The arbitrary borders of the United States (or any other country) simply do not create “a community [I am] part of”. There is no shared interest of any kind unqiue to Americans between me and this arbitrary set of mongrel people known as “Americans”. I feel a kindred spirit towards libertarians who reside in Canada, the UK, or wherever in the world they live. Nothing but animosity and alienation towards Paul Krugman, Marxists, socialists or liberals who happen to live in New York, DC or California (or wherever) in the US.
I also admit I feel no moral obligation towards or active economic concern for the people of Ghana, Kyrgyzstan or the Philippines. And neither do I toward Americans simply because they reside close to me or within this arbitary national border.
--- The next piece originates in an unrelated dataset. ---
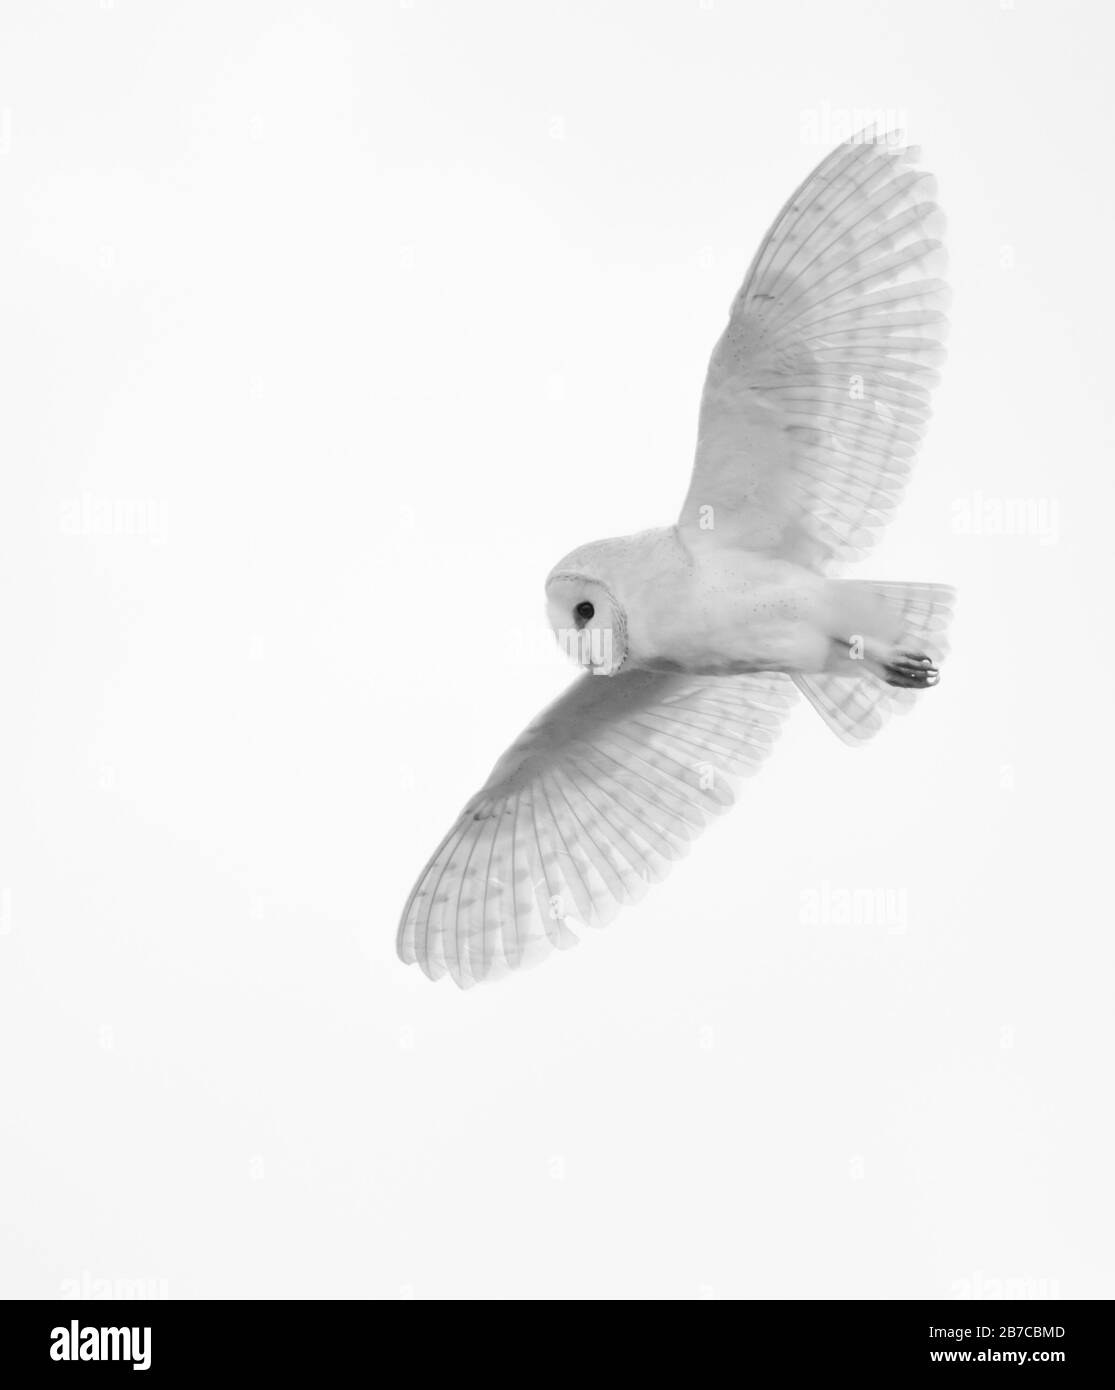 Barn owl flying in York, England, UK Stock Photo

The whole arugment for the welfare state and the various forms of mercantalist folly rest on a nationalist foundation. I reject nationalism and therefore the moral basis for the welfare state and mercantalist trade policy.
Simon C
Feb 7 2013 at 3:39am
I disagree. At least, if it’s the usual sense of self-interest I disagree. Typically acting in one’s own self-interest within a voluntary community is also to act to the benefit of that community. “It is not from the benevolence…”
On the other hand, if you use some undeserved power to extract to yourself some benefit at the expense of the rest of the community then I would yes, consider that misanthropic. Likewise to act to benefit one nation at the expense of others in nationalistic.. I find it hard to understand how someone could deny it. It almost sounds like a definition to me.